In one of our experiments we used synthetic data for training. The synthetic dataset models the layers as the superposition of many point targets. The scattered signal from each point target is represented by a weighted sinc function. The weight for each sinc function is a complex Gaussian random variable. The thickness of each layer represents the separation between interfaces and is generated by a smoothed Gaussian random process. The mean thickness or separation decreases slightly with depth and starts at 75 pixels for the first layer. The standard deviation of the random process is 10% of the mean thickness. The depth of a layer results from the summation of the thickness of the layer and all layers above it. For each column of the image, the scattered signal for each layer is created by summing the contribution of 100 point targets spread slightly in range. The spreading in range is generated from the summation of a Gaussian distribution and an exponential distribution to simulate the spread of the scatterers over several range bins as well as the backscatter fall-off from each layer as a function of cross-track incidence angle. The mean signal power of each layer follows an exponential decay with depth so that deeper layers have weaker signals on average. The images are power detected, filtered and surface flattened similar to the real radar data. The various parameters used to generate the data are chosen manually to create images that are similar to the Snow Radar data, but no effort is made to precisely match the Snow Radar image statistics. The synthetic images represent a first-order attempt and although they share some resemblance to the Snow Radar images, they are easily distinguished from them.
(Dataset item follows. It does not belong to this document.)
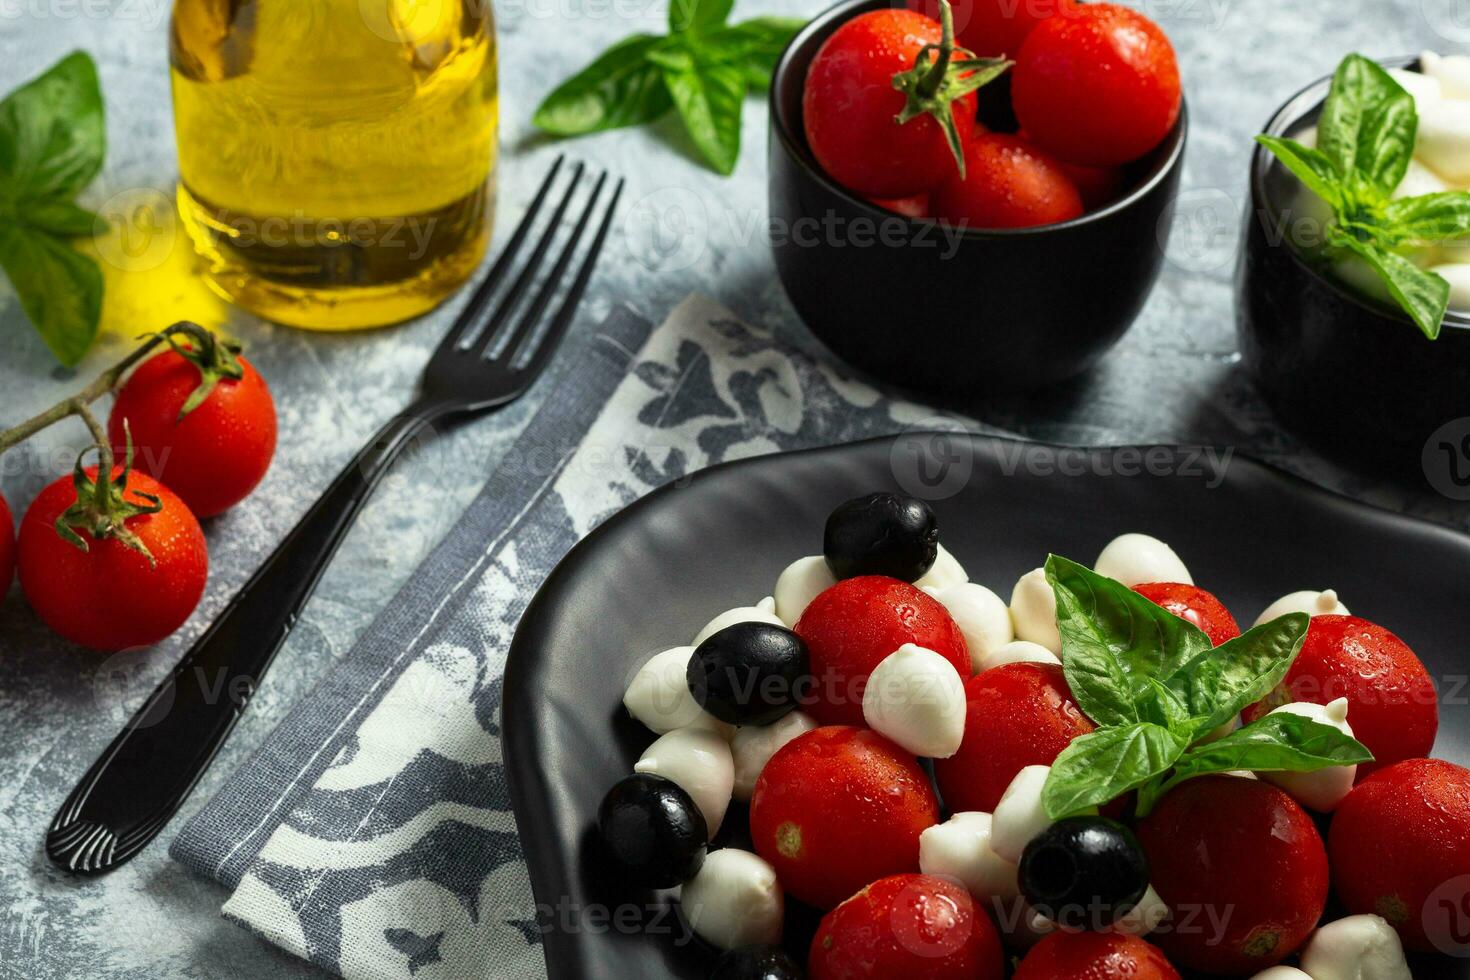 clássico italiano salada caprese servido dentro original Formato com cereja tomates, mini mussarela pérolas, manjericão folhas e balsâmico Esmalte foto

4. Convolutional neural networks

Convolutional neural networks (CNN) are a class of deep neural networks that mainly focus on analyzing imagery. CNN comprise various convolutional and pooling (subsampling) layers that can be compared to the visual system of humans. Generally, image data are fed into the network that constitutes an input layer and produces a vector of reasonably distinct features associated to object classes. From input to output layers there are many hidden layers including convolution layers, pooling layers and fully connected layers.

To provide understanding of the activities at each layer in a neural network, some explanation of the various processes is provided below.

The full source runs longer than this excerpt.